A certain potion of the purchase price is customarily kept in a separate escrow account, the release of which is usually interlinked with satisfaction of agreed conditions subsequent to, or with, the liability of sellers under the provided representations and warranties.

Representations and warranties

The catalogue of representations and warranties is tailormade to closely reflect the target, and its business, operations and assets. They would typically cover all the areas and risks as indicated in Section IX.

Pre-closing covenants

The transaction documentation customarily contains standard pre-closing covenants under which a seller is obliged to use all commercially reasonable endeavours to ensure that the business and operations of a target are conducted (and the assets of the target are maintained) in the ordinary course of business consistent with past practice. Such clauses usually also contain the obligation of the seller to ensure that the business organisation of the target and its relations with business partners are kept and preserved, reflecting past practice. It is standard that certain actions (defined by agreed materiality) could be taken by the seller or by the target only after prior written consent of the buyer.

Closing conditions

Closing conditions usually strictly reflect the specifics of the deal at hand.

It is standard that some part of the closing conditions reflects the findings identified during the due diligence process that are intended to remedy or mitigate identified risks before completion takes place; this customarily includes, inter alia:

  1. obtaining various corporate consents;
  2. obtaining the consent of third parties to eliminate risks arising from change of control clauses;
  3. obtaining the consent of spouses for the consummation of transactions;
  4. waivers from executive directors in relation to the performance of their offices; and
  5. the delivery of various ancillary documents and agreements.

A very common and significant closing condition is the obligation to obtain and deliver a merger clearance consent from the respective competition regulatory office; in the Czech Republic, this is the Office for the Protection of Competition.

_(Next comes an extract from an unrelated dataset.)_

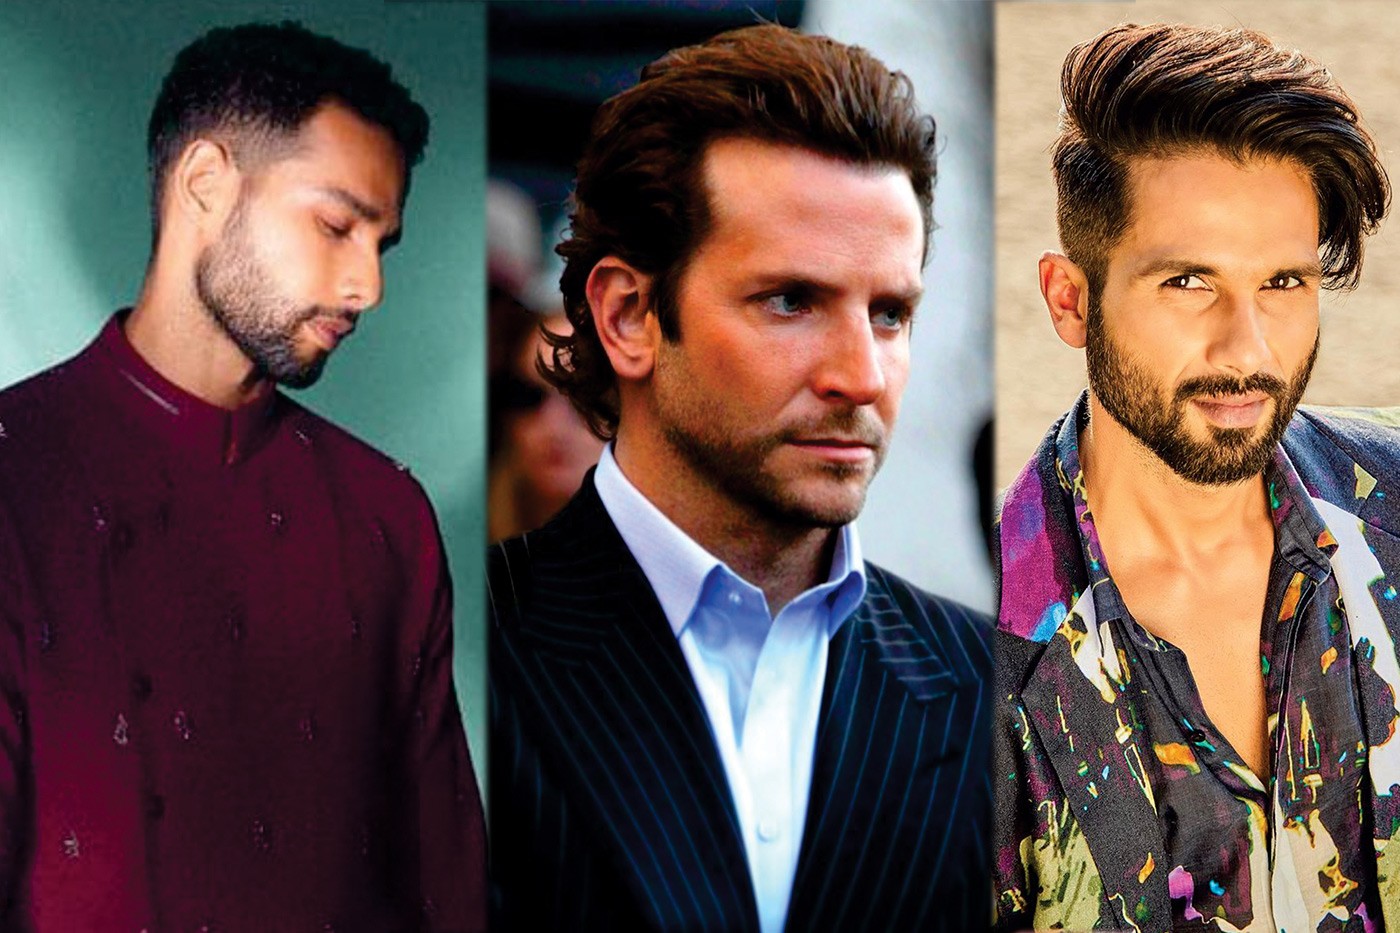 Celebrity Hairstyles: 17 MUST-SEE Male Hair Transformations - Capital

Indemnity clauses come into play to manage specifically identified risks (within the due diligence process) associated with a contemplated transaction. From our practice, we note that it is usually necessary to have a very material risk in order for a buyer to be able to push forward indemnity clauses. In the majority of cases, indemnity clauses cover risks connected with taxes (or other public levies), breach of regulatory requirements (e.g., data protection, AML), or ongoing or threatened lawsuits (e.g., arising from actual or threatened infringements of IP rights).

Non-compete and non-solicitation clauses

Other standard deal protection clauses are non-compete and non-solicitation clauses. A non-compete clause imposes an obligation on the seller to abstain (directly or indirectly) from competing with the target's business for a certain agreed period of time after a transaction's completion with respect to a certain geographical area, or with respect to a certain agreed range of business partners, other persons and entities. Based on a non-solicitation clause, the seller usually undertakes for a certain period of time after completion to abstain from luring or hiring away the target's customers, business partners and employees. It is reasonable to require such obligations, as they allow the buyer to enjoy the benefits of its purchase of the target. However, all these restrictive covenants must be always carefully assessed primarily in the context of competition regulation so that they are valid and enforceable.

iv Financing

The type of financing in technology M&A deals depends (along with the structure of the deal itself) predominantly on:

  1. the target company (life cycle, size, etc.);
  2. the nature of the acquirer (whether it is a strategic or financial investor); and
  3. the actual macroeconomic conditions (interest rates, availability of funds as well as the risk attitude of third-party financing providers).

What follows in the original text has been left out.